Task details —
Leave out the pictures and retype everything else in the records below exactly.

Records shown —
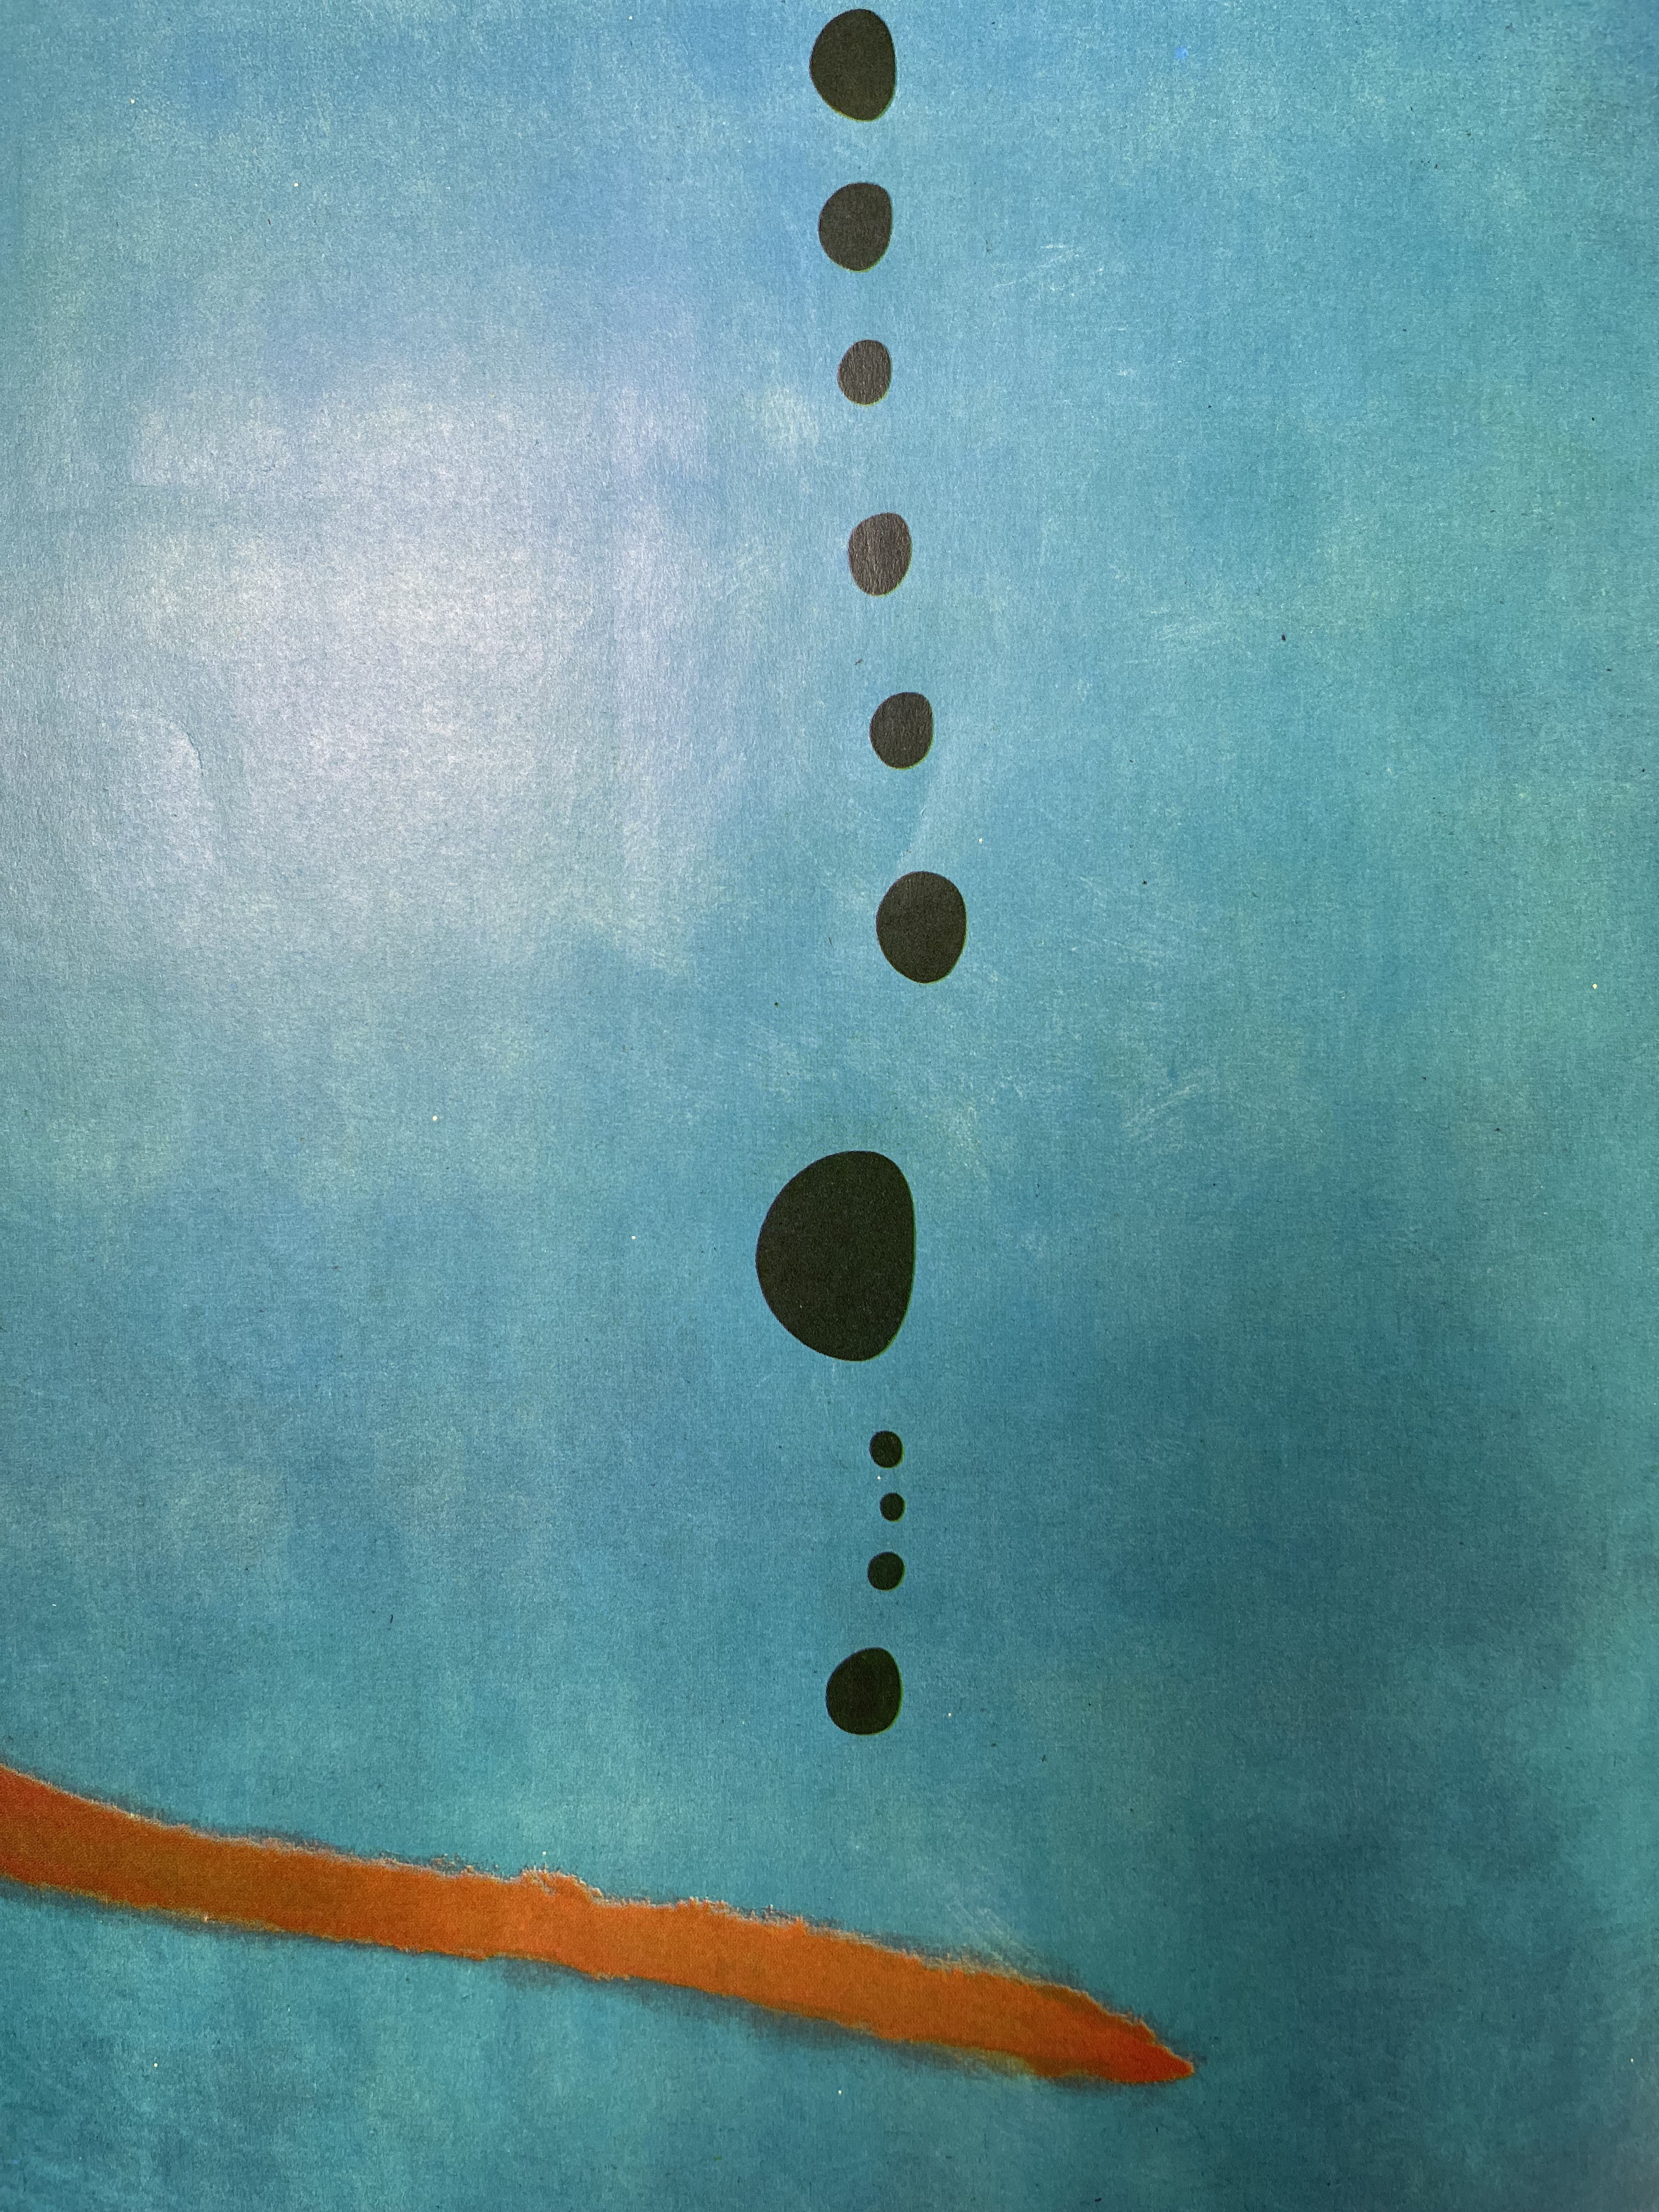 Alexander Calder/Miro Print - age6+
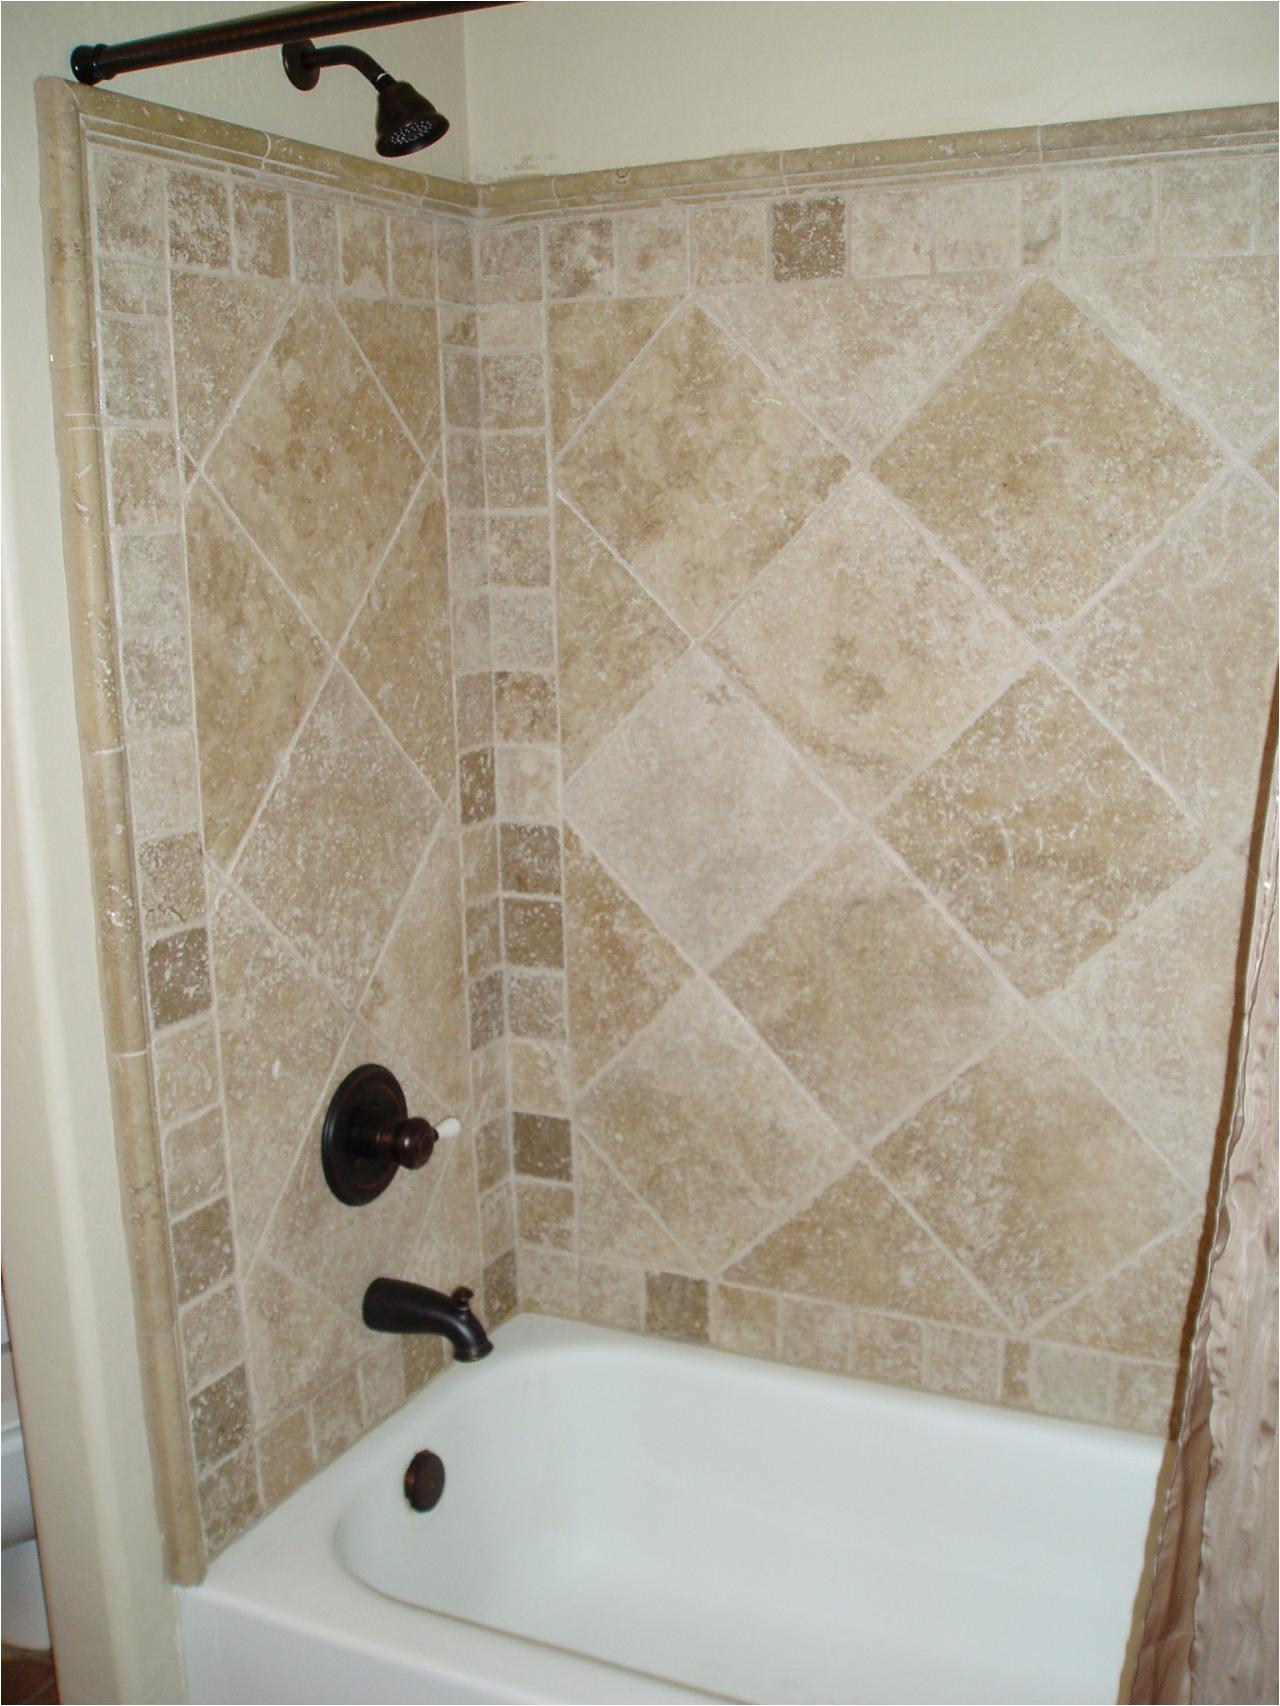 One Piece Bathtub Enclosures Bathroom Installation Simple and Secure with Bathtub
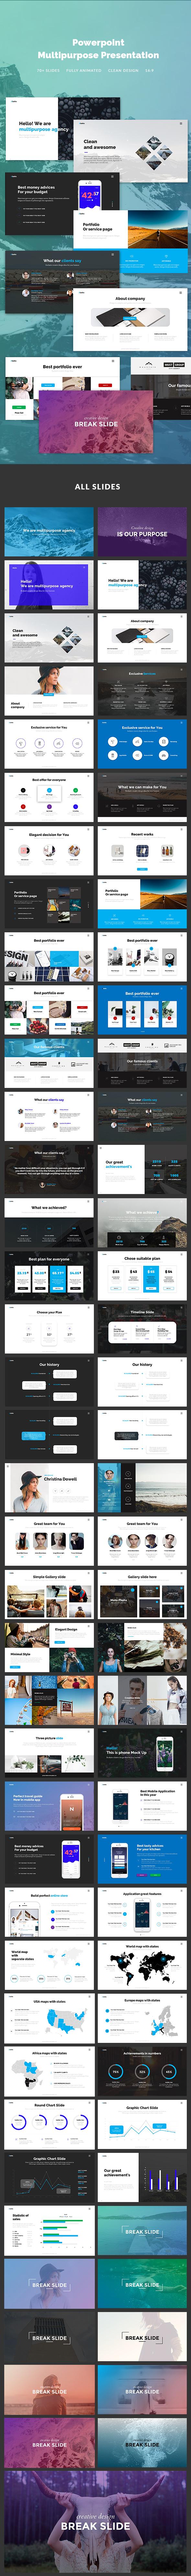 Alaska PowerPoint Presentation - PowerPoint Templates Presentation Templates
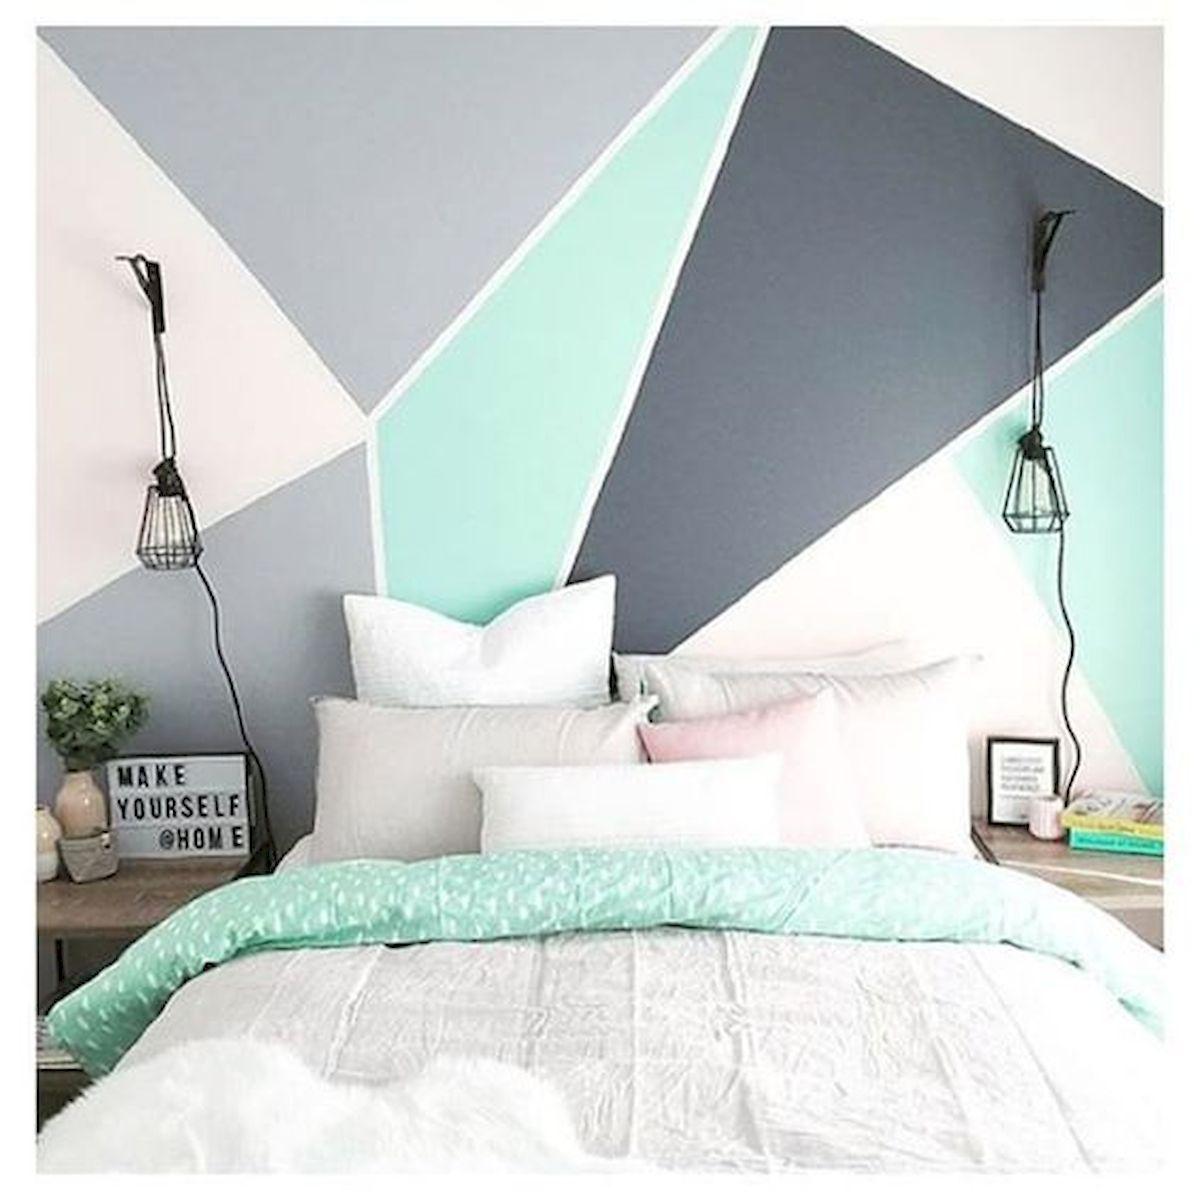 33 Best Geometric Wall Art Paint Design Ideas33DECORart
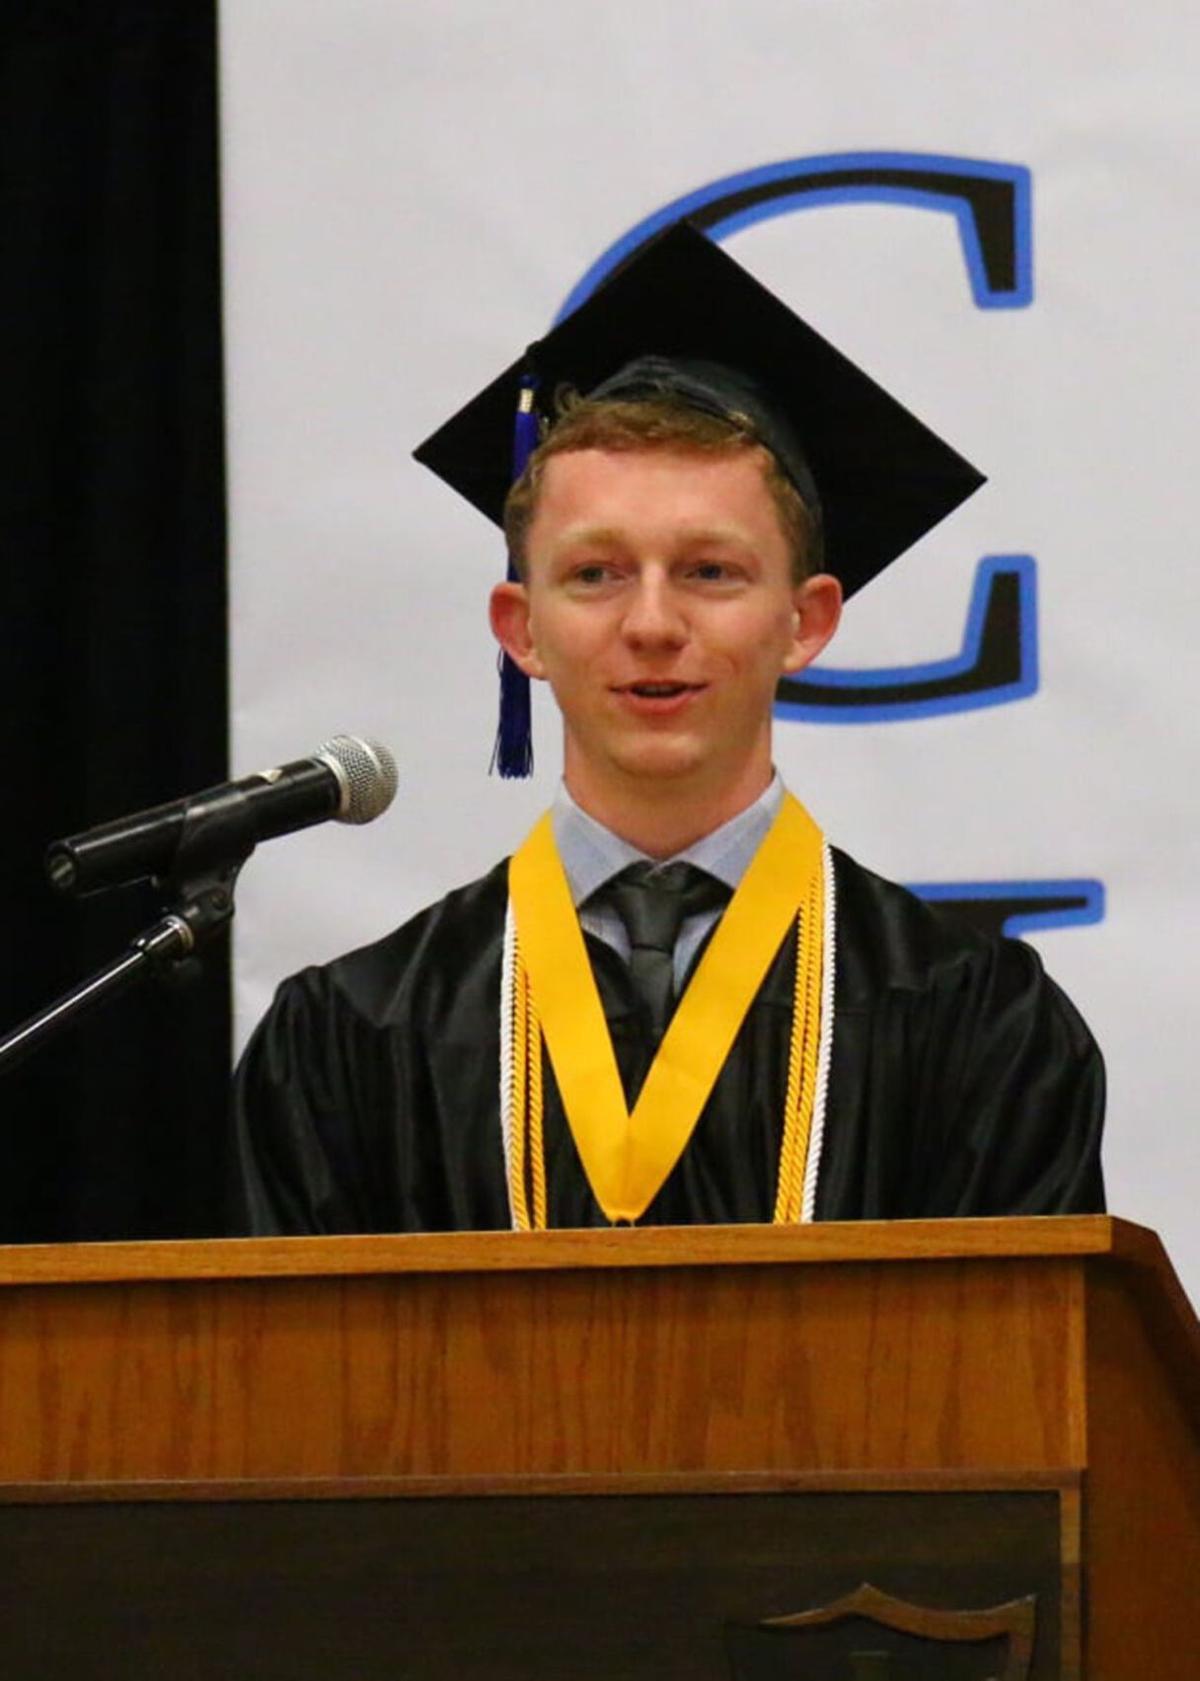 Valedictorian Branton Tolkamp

Result for this task —
 Alexander Calder/Miro Print - age6+
 One Piece Bathtub Enclosures Bathroom Installation Simple and Secure with Bathtub
 Alaska PowerPoint Presentation - PowerPoint Templates Presentation Templates
 33 Best Geometric Wall Art Paint Design Ideas33DECORart
 Valedictorian Branton Tolkamp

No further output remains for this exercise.